→ GIVEN DATA
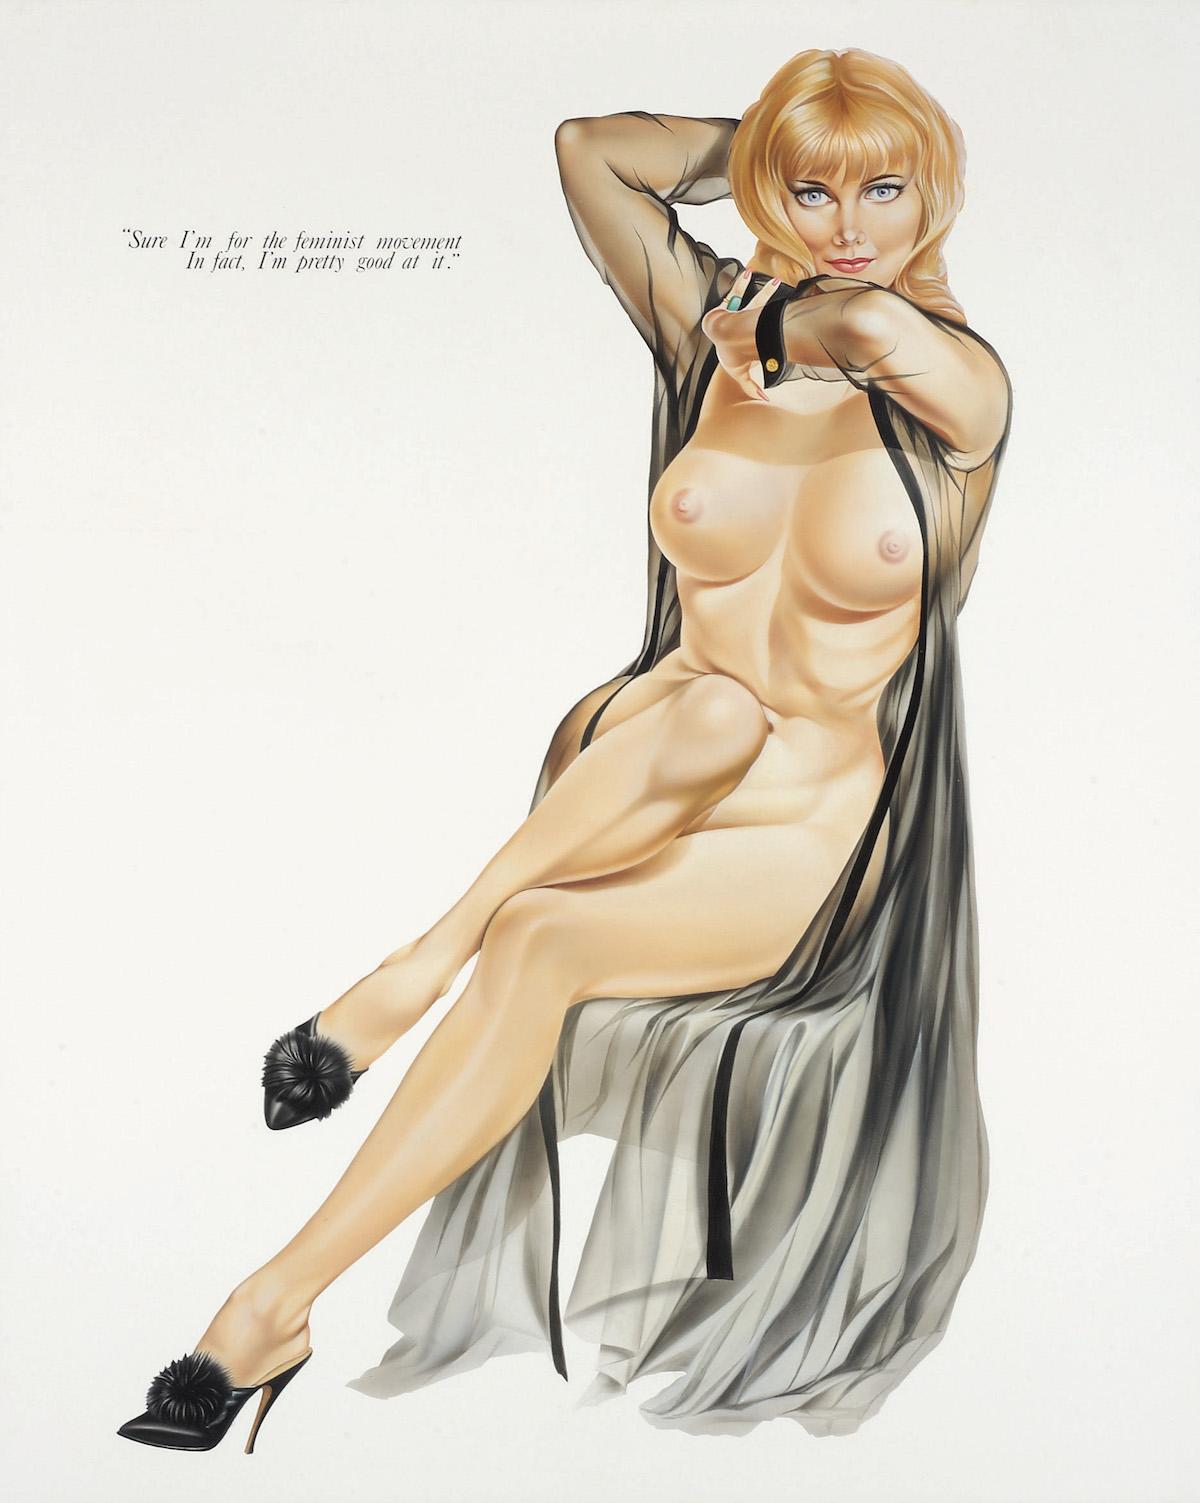 Lutz Bacher, Playboys (Feminist Movement), 1993. Courtesy Lutz Bacher, Greene Naftali; New York and Galerie Bucholz, Köln/Berlin/New York
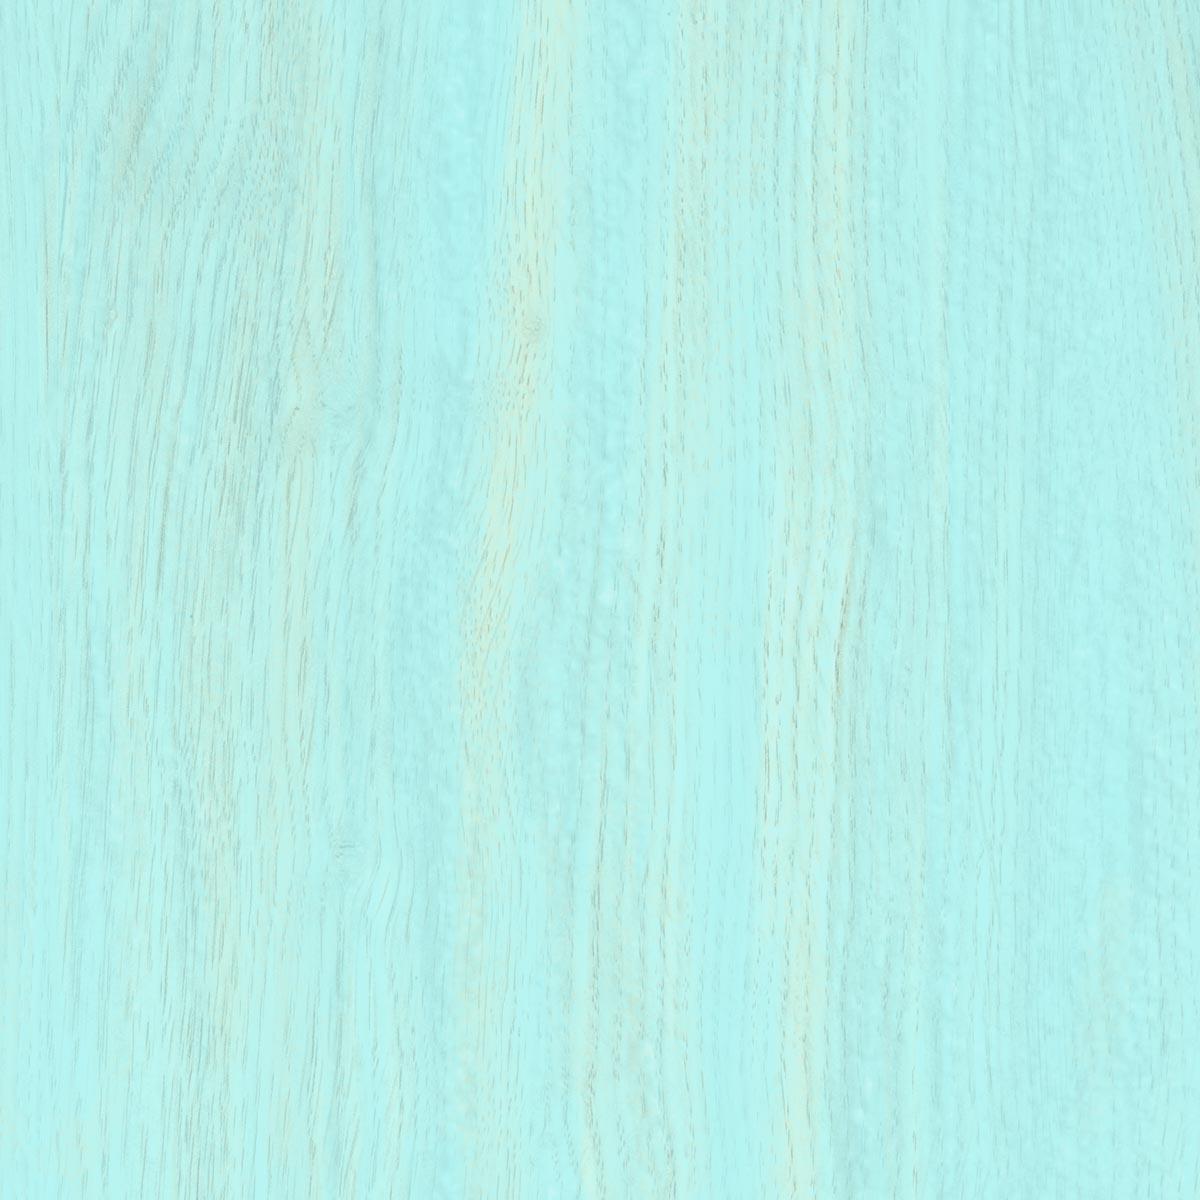 FolkArt ® Pickling Wash™ - Sea Glass, 2 oz.
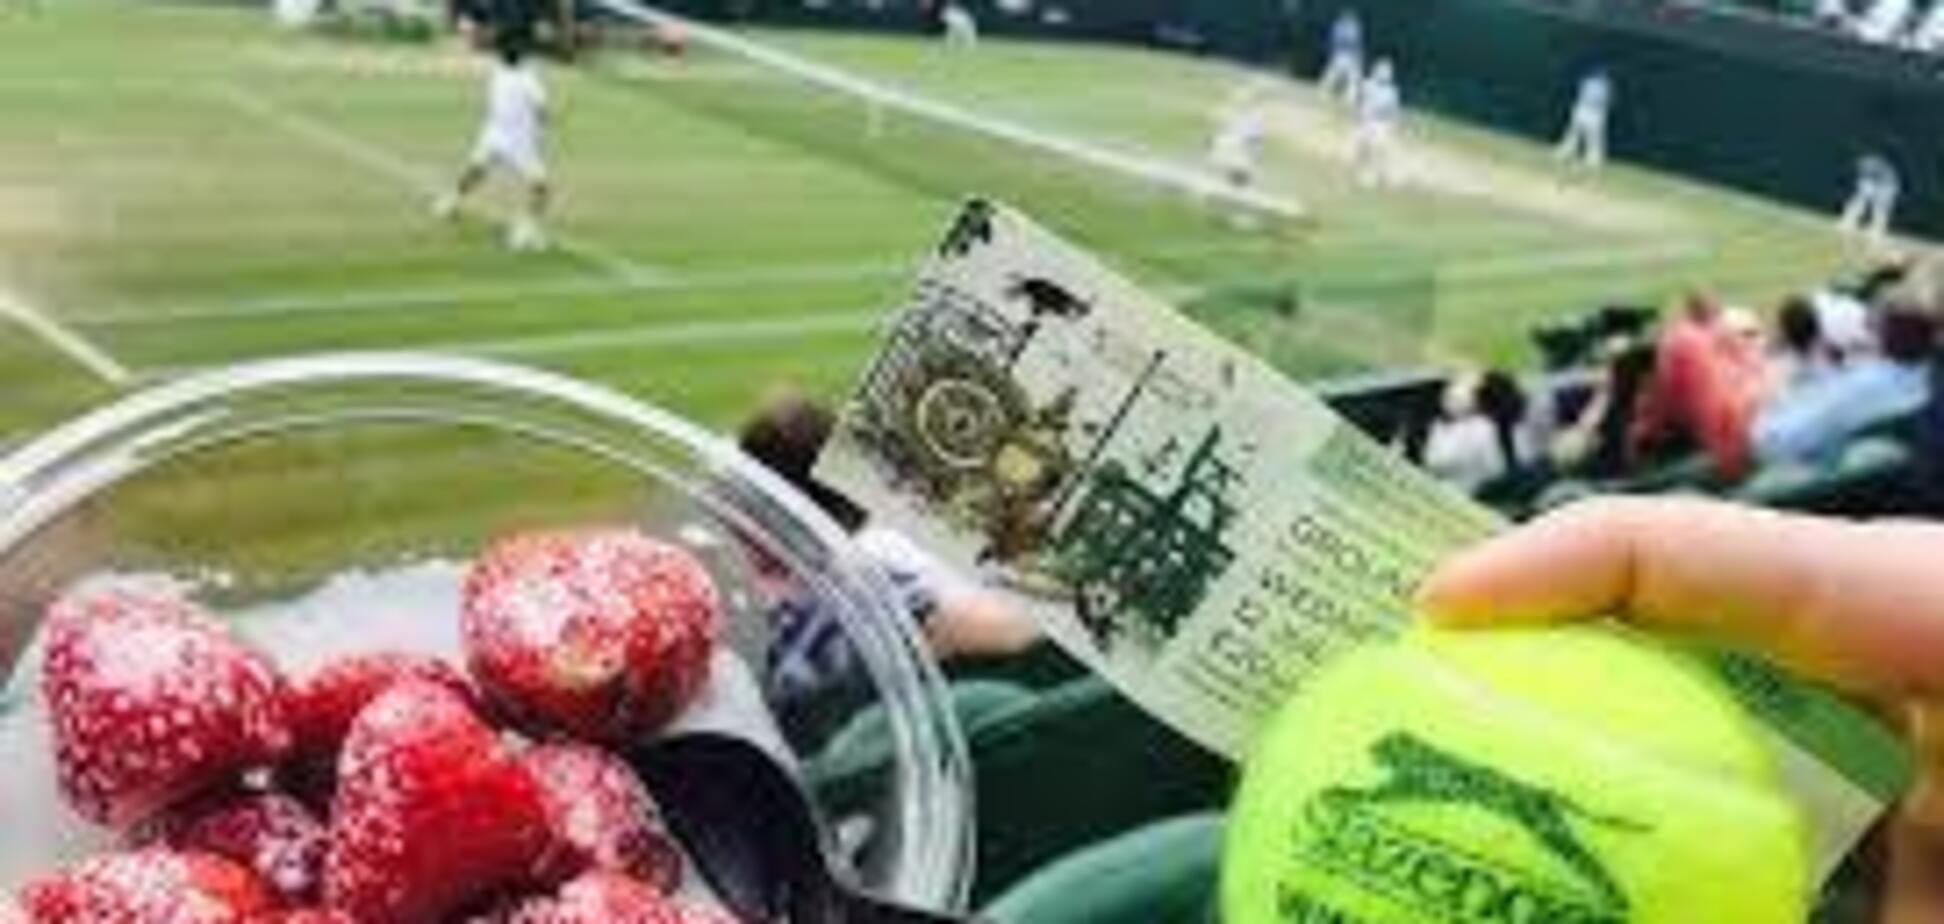 Wimbledon-2019: статистика закулисной жизни турнира Большого шлема

→ YOUR GOAL
In the copy, keep every line of the data above exactly and drop each picture.

→ ANSWER AREA
 Lutz Bacher, Playboys (Feminist Movement), 1993. Courtesy Lutz Bacher, Greene Naftali; New York and Galerie Bucholz, Köln/Berlin/New York
 FolkArt ® Pickling Wash™ - Sea Glass, 2 oz.
 Wimbledon-2019: статистика закулисной жизни турнира Большого шлема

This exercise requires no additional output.